Profile of Herbert Asbury on Famous Like Me

 
Name: Herbert Asbury  
   
Also Know As:
   
Date of Birth: 1st September 1889
   
Place of Birth: Farmington, Missouri, USA
   
Profession: Writer
 
 
From Wikipedia, the free Encyclopedia

Herbert Asbury (September 1, 1889 – February 24, 1963) was an American journalist and writer probably best known for his The Gangs of New York, which Martin Scorsese adapted into a 2002 film.

Gangs revitalized interest in Asbury. In earlier decades, he was known for his self-described "informal histories": Descriptions of various cities, focusing on violence, prostitution and other lurid events.
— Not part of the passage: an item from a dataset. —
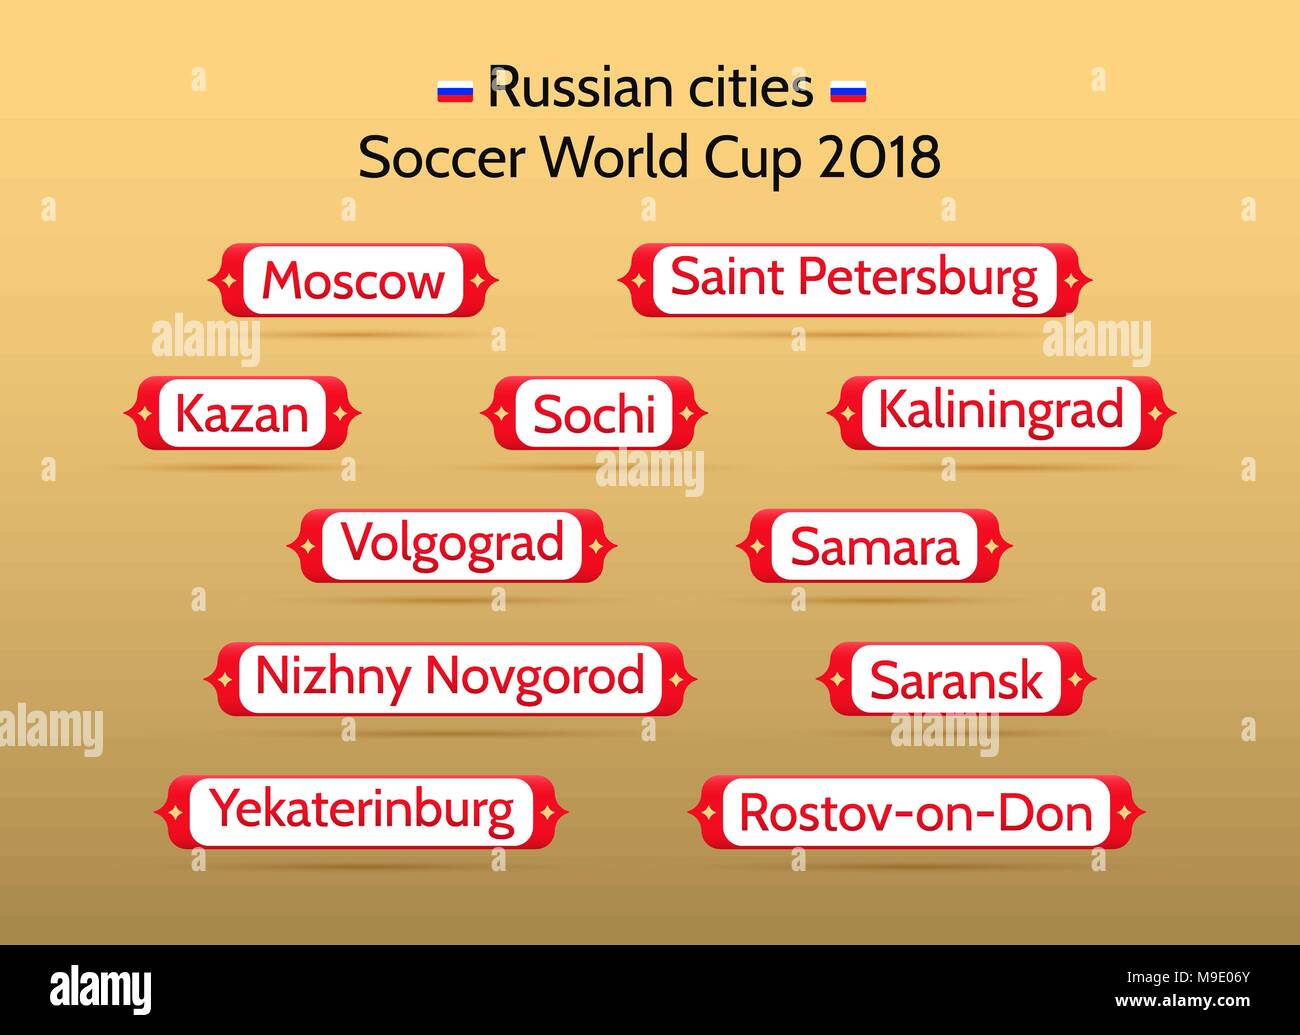 Championnat de Football 2018 dans les villes russes. Vector badges avec le nom des 11 villes russes où auront lieu des allumettes. Couche de fichiers supplémentaires : bleu Illustration de Vecteur

His books were popular, but critics have suggested that Asbury took journalistic liberties with his sensationalistic (and often unsourced) material, which included interviews, newspapers and police reports.

Biography

Asbury was a disenchanted Southern Methodist from Missouri. He rebelled early against his straight-laced upbringing, characterized its bigotry and hypoocrisy in his first book, and threw himself into the lore of urban crime, gangsterism, prostitution and gambling as a popular historian. He had served in World War I, where he was gassed, permanently weakening his lungs.

Asbury achieved first notoriety with a story that H.L. Mencken published in his magazine, The American Mercury in 1926. The story detailed a prostitute from Asbury's hometown of Farmington, Missouri. The prostitute took her Protestant customers to the Catholic cemetery and her Catholic customers to the Protestant cemetery; some in Farmington considered the prostitute beyond redemption.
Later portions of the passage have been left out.